Hardwoods make up a smaller portion of tree orders. The reasons to plant them vary from landowner to landowner. Bigtooth and quaking aspen, and cottonwood are fast growing trees that provide wildlife browse, and pulp and paper fiber. Yellow and white birch, black cherry, red oak, sugar maple and walnut have beautiful grains that can be used for veneer, flooring, finish work and gun stocks. The white, bur and swamp white oaks, hickory, hackberry and basswood provide lumber for finish work and flooring, but they also supply railroad ties, tool handles and furniture.
Another use, becoming more important, is fuel wood. All wood can be burned, but some species, especially oaks, hard maple, hickory and cherry provide higher BTU's than most. Many of these hardwoods also provide wildlife cover and food. Acorns, hickory nuts, walnuts and cherries fill many bellies. And some of the more overlooked, but important aspects of hardwoods, are the aesthetic qualities they provide. It is a special experience to walk through a hardwood forest in mid-autumn when the canopy is in brilliant color.
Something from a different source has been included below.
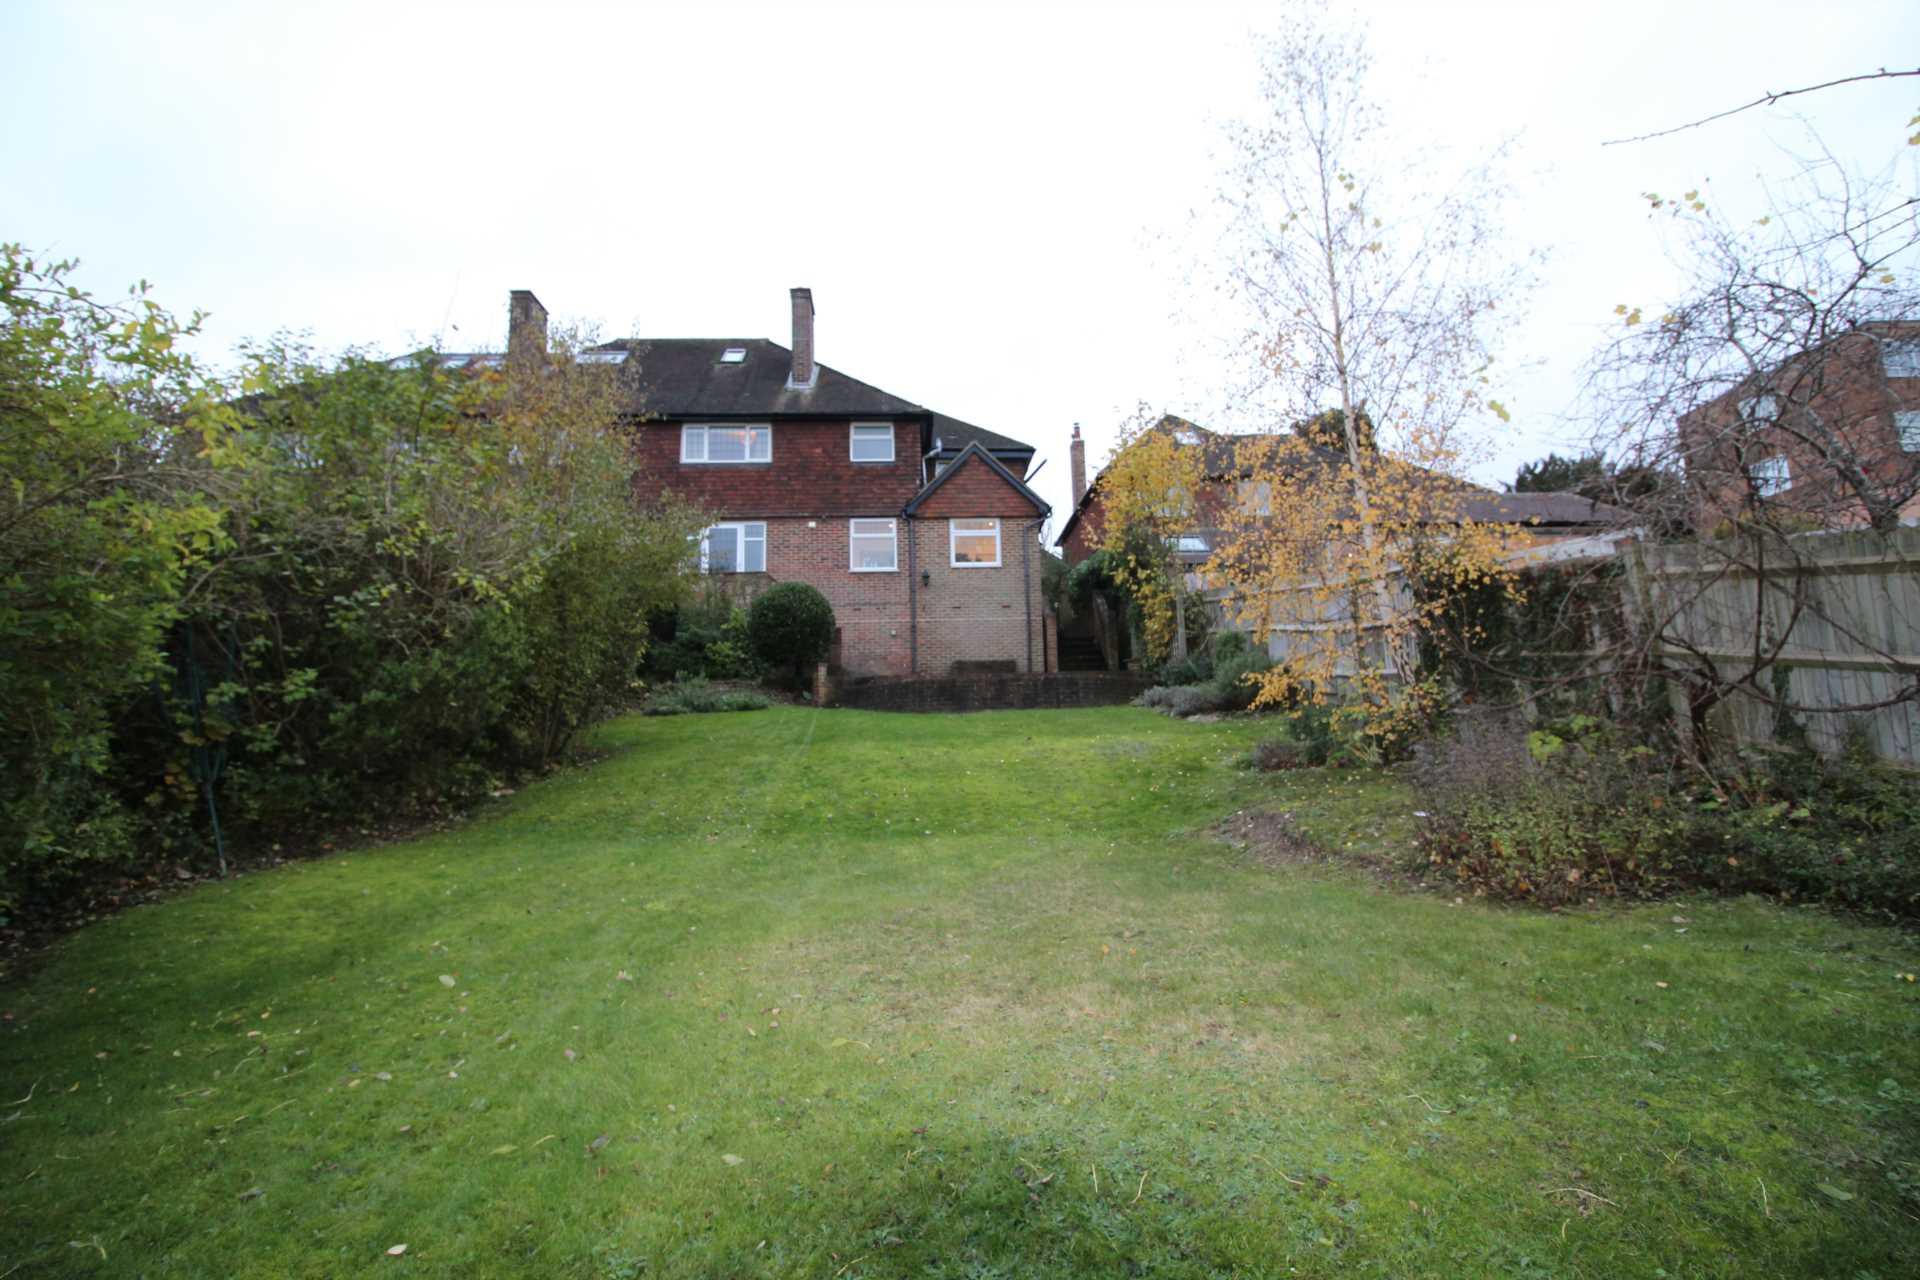 Room 1, Pewley Way, Guildford, GU1 3PX, Image 10

Shrubs have long provided landowners with another planting option. American plum, hazelnut and Juneberry provide wildlife food. Red-osier and silky dogwoods produce browse for deer and rabbits. Hawthorn, highbush cranberry, ninebark, prairie crab and common winterberry supply some mast, but also nesting and feeding cover for small mammals and songbirds.
All species grown by the state nurseries are important and fill a niche. It is up to landowners to determine their property goals and how to best reach those goals through tree planting.
Jeremiah Auer is an assistant manager of the Griffith State Nursery.